The Financial Times could not independently verify his claims, but both figures suggest that Ukraine’s offensive in Kursk is slowing. Syrsky said its forces were continuing their attempts to seize more territory.
Russia’s Defense Ministry said on Wednesday its forces had repelled Ukrainian forces in seven settlements in Kursk, between 30 and 90 kilometers (19 and 56 miles) from the border.
The capture of Russian prisoners is likely to bolster calls for Kyiv to return thousands of its soldiers and civilians captured during Russia’s two-and-a-half-year invasion and occupation of large swaths of eastern and southern Ukraine.
Several young recruits were captured by Ukrainian forces in the early stages of the covert incursion into Kyiv – the first such operation on Russian territory since World War II.
While Ukrainian President Volodymyr Zelensky has not disclosed the operation’s goals, he has repeatedly praised his soldiers for taking Russian prisoners on the battlefield and “replenishing” what he called an “exchange fund” for prisoner swaps.

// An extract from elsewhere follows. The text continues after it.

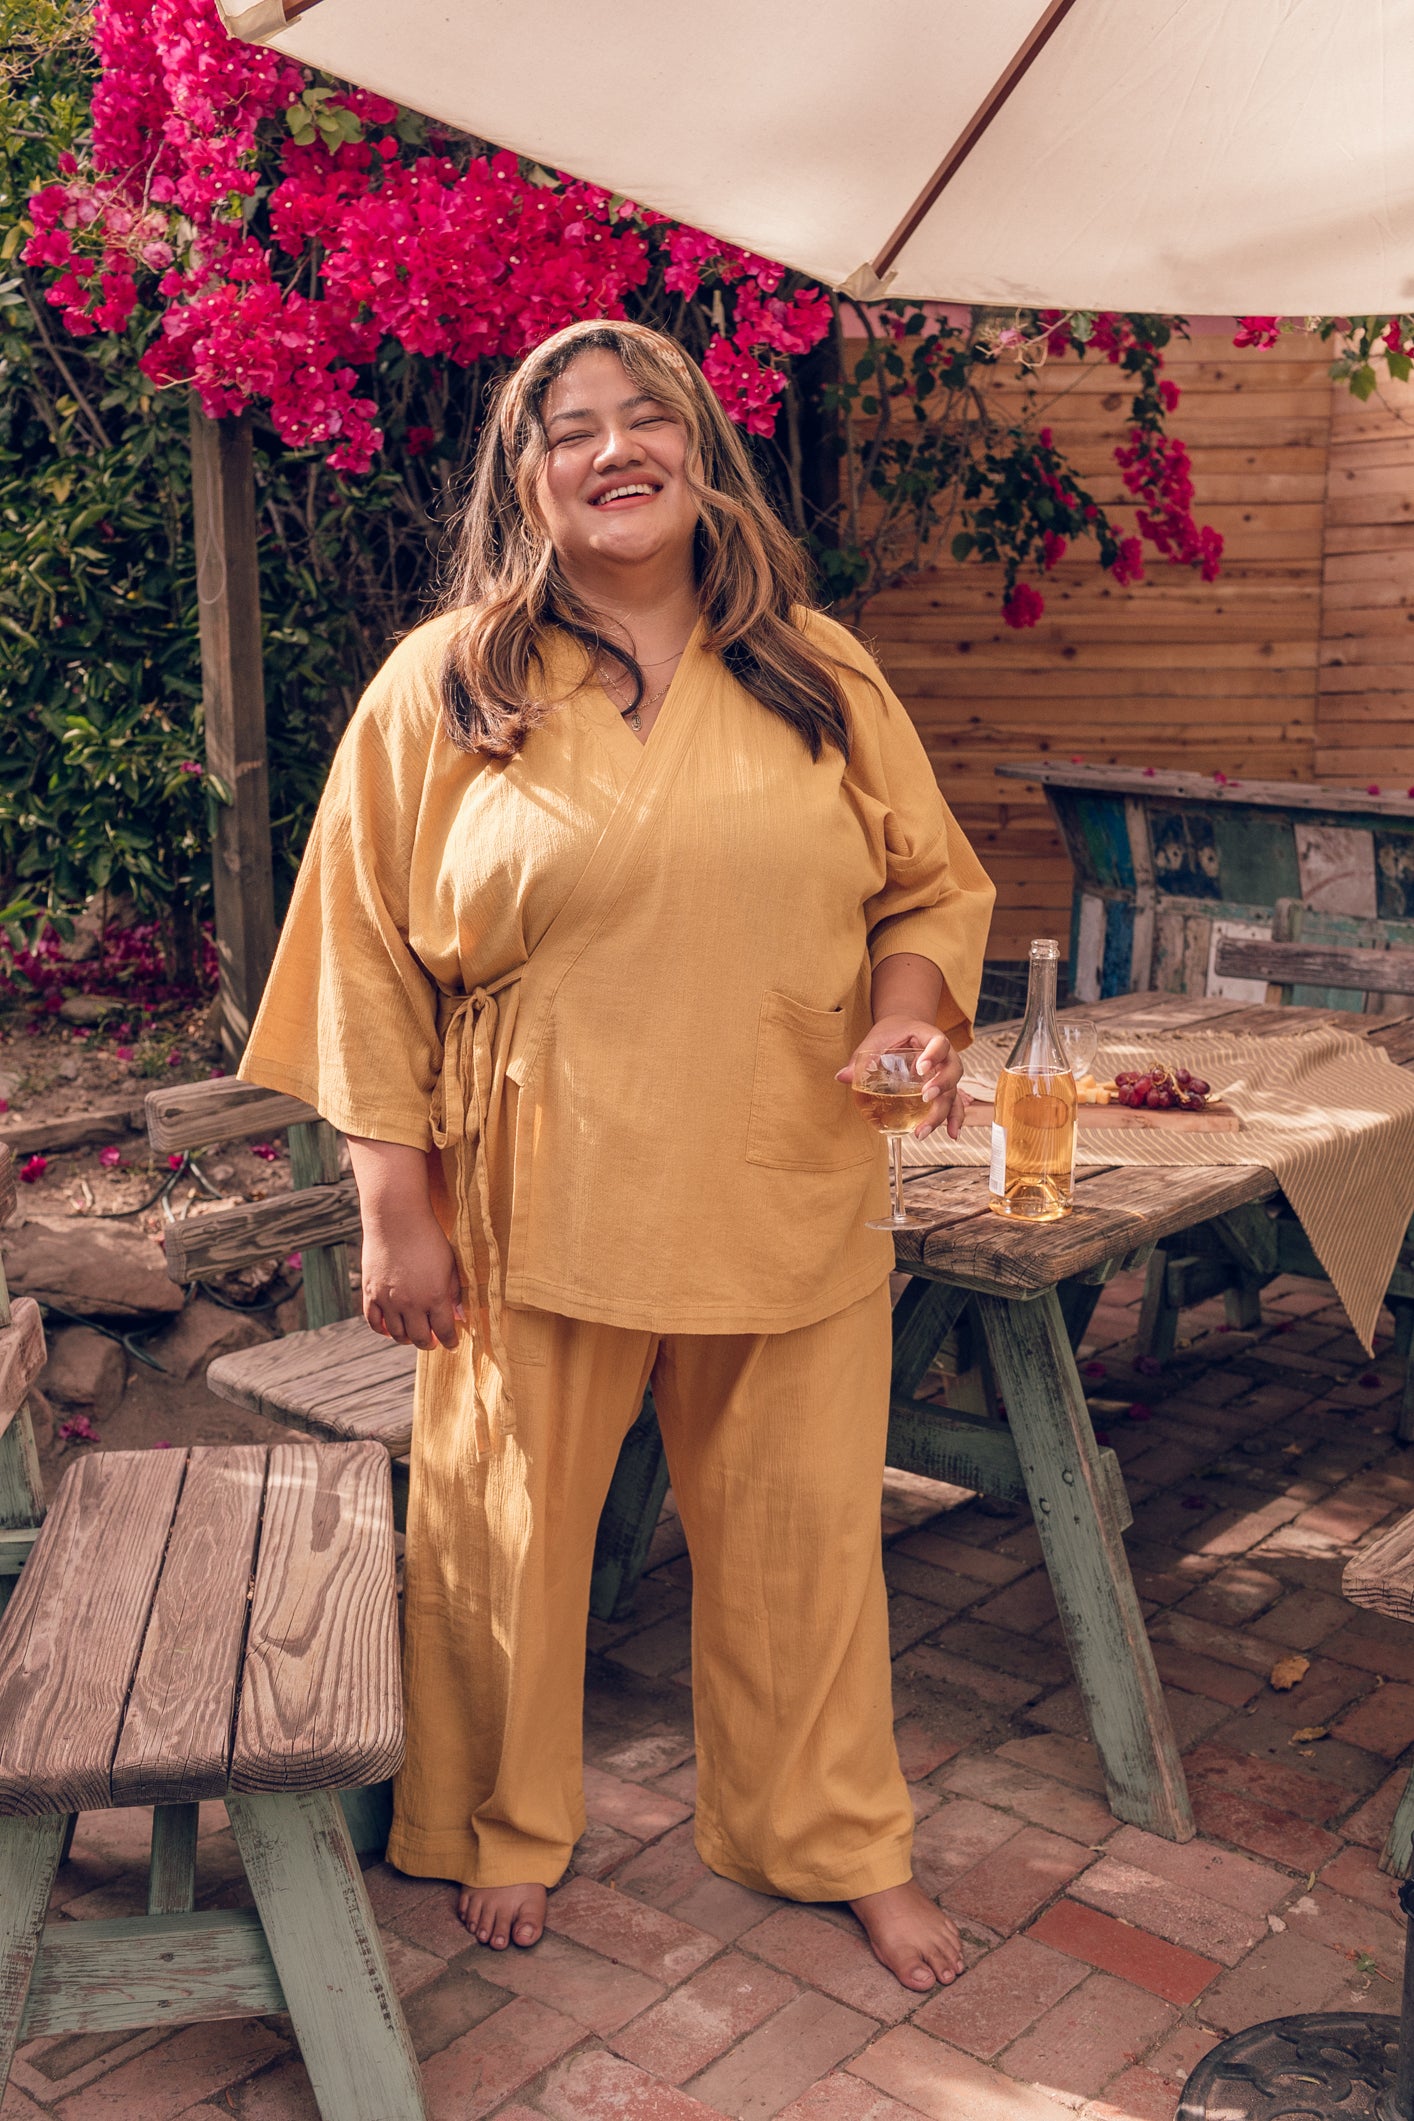 Kardeş Sile Loungewear Top and Pants in Marigold | Plus Size | Luxury 100%  Soft Turkish Sile Cotton | Indoor and Outdoor Wear – OddBird

Before the incursion, each side was already holding hundreds of prisoners of war. President Vladimir Putin said in June that Russia was holding about 6,500 Ukrainian troops. He also said Ukraine was holding more than 1,300 Russian troops, a figure confirmed by a person familiar with the situation.
Russian officials had previously indicated that Moscow might move to suspend the prisoner swap, but Lubinets said his talks with his Russian counterpart Tatyana Moskalkova gave him hope that the warring sides could move forward with the talks soon.
There was a proactive conversation. [with our] “Both sides are consulting with his Russian counterpart on this issue,” Lavrov said, adding that Moscow and Kiev are “exchanging information” about each other’s prisoners.
“We have priority categories and we are ready to exchange them. First, these are the seriously wounded. Second, Ukrainian women, and third, everyone who remains in captivity,” he said.
Lubinets said he had informed the UN and the International Committee of the Red Cross that “the rights of Russian prisoners of war are protected and at any time Ukraine is ready to continue exchanges on the basis of the Geneva Convention.”
A Ukrainian security service official said on Thursday that his special forces alone had captured 102 Russian soldiers from the 488th Motorized Rifle Regiment and the Chechen Akhmat unit in the Kursk region.
“This is the largest enemy capture ever carried out at one time,” he said.
The official provided several videos and photos of Russian soldiers in uniform with their eyes and hands covered with tape. In one clip, dozens of soldiers are seen lying face down in a field as Ukrainian forces watch them.
The photos showed 12 prisoners being transported in a covered vehicle, and dozens more sitting inside a large building.
Zelensky and Lubinets said on Wednesday that Ukrainian authorities would seek to set up army command offices in Kursk to provide humanitarian aid to the Russian population.
Several Kursk residents who fled under constant shelling and drone attacks to the region’s capital of the same name told the Financial Times that there was no organised evacuation by the authorities in the early days of the incursion.
They added that many people were forced to give up their property, documents and sometimes even their relatives and pets.